RoboPearls, an editable video simulation framework for robotic manipulation. RoboPearls reconstructs photo-realistic scenes with semantic features from demonstration videos. Then, with various simulation operators, RoboPearls leverages multiple LLM agents to process user commands into specific editing functions. Furthermore, RoboPearls utilizes a VLM to analyze learning issues and generate corresponding simulation demands to enhance robotic performance.

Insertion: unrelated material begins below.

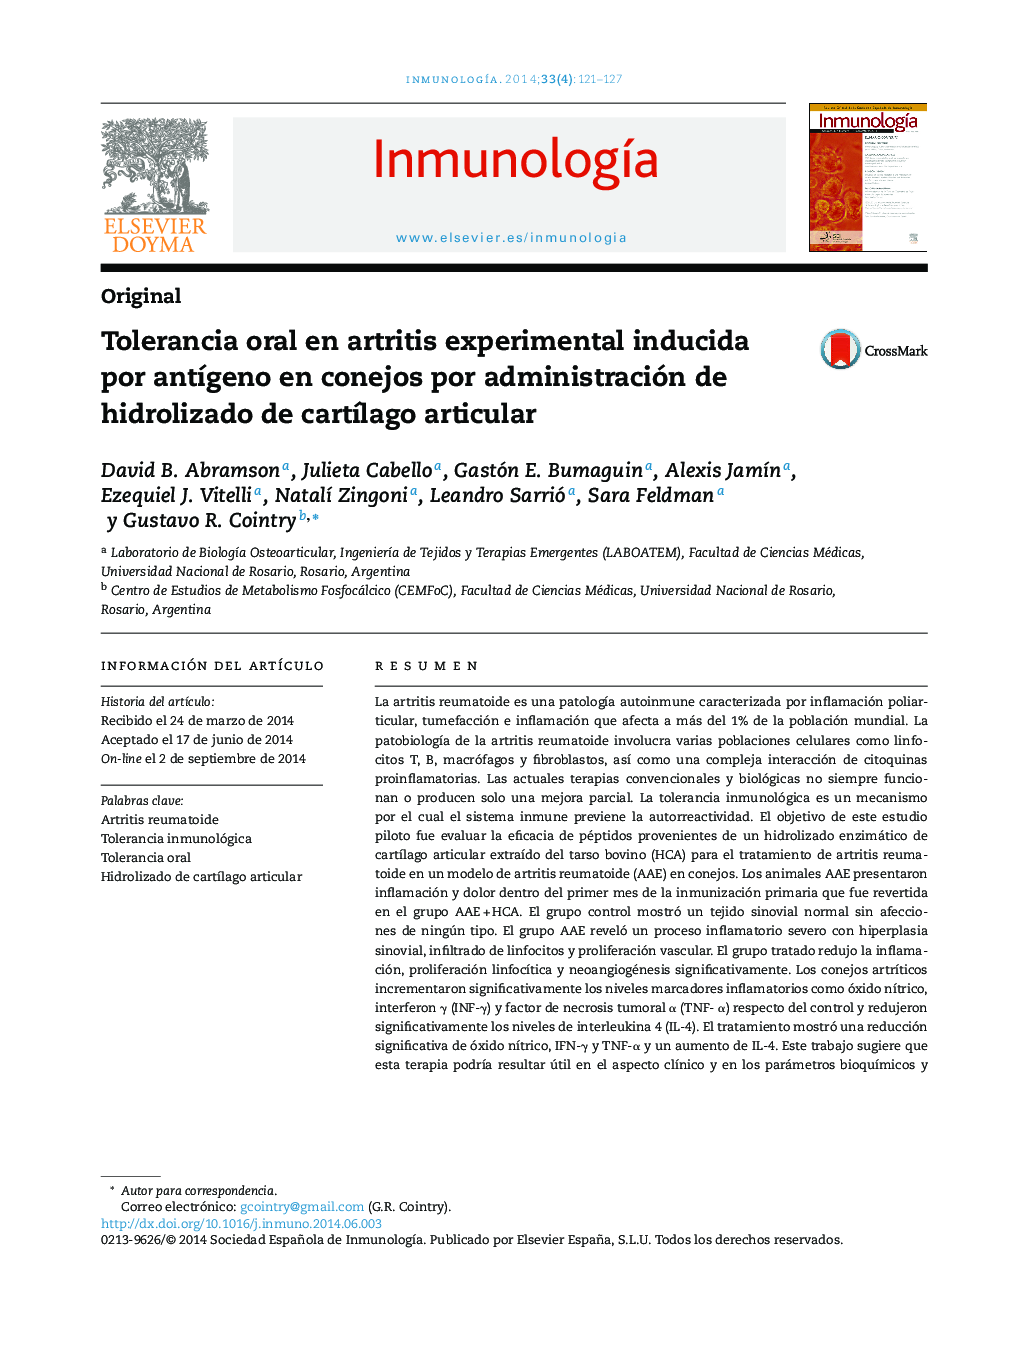 Tolerancia oral en artritis experimental inducida por antÃ­geno en conejos por administración de hidrolizado de cartÃ­lago articular

The development of generalist robot manipulation policies has seen significant progress, driven by large-scale demonstration data across diverse environments. However, the high cost and inefficiency of collecting real-world demonstrations hinder the scalability of data acquisition. While existing simulation platforms enable controlled environments for robotic learning, the challenge of bridging the sim-to-real gap remains. To address these challenges, we propose RoboPearls, an editable video simulation framework for robotic manipulation. Built on 3D Gaussian Splatting (3DGS), RoboPearls enables the construction of photo-realistic, view-consistent simulations from demonstration videos, and supports a wide range of simulation operators, including various object manipulations, powered by advanced modules like Incremental Semantic Distillation (ISD) and 3D regularized NNFM Loss (3D-NNFM). Moreover, by incorporating large language models (LLMs), RoboPearls automates the simulation production process in a user-friendly manner through flexible command interpretation and execution. Furthermore, RoboPearls employs a vision-language model (VLM) to analyze robotic learning issues to close the simulation loop for performance enhancement. To demonstrate the effectiveness of RoboPearls, we conduct extensive experiments on multiple datasets and benchmarks, including RLBench, COLOSSEUM, Ego4D, and Open X-Embodiment, which demonstrate our satisfactory simulation performance.
The RoboPearls Framework. (a) RoboPearls extends the Gaussian representation to reconstruct dynamic scenes with semantic features from demonstration videos. (b) RoboPearls includes and refines various simulation operators. (c) RoboPearls leverages multiple LLM agents to automate and streamline the simulation production process following user natural language commands.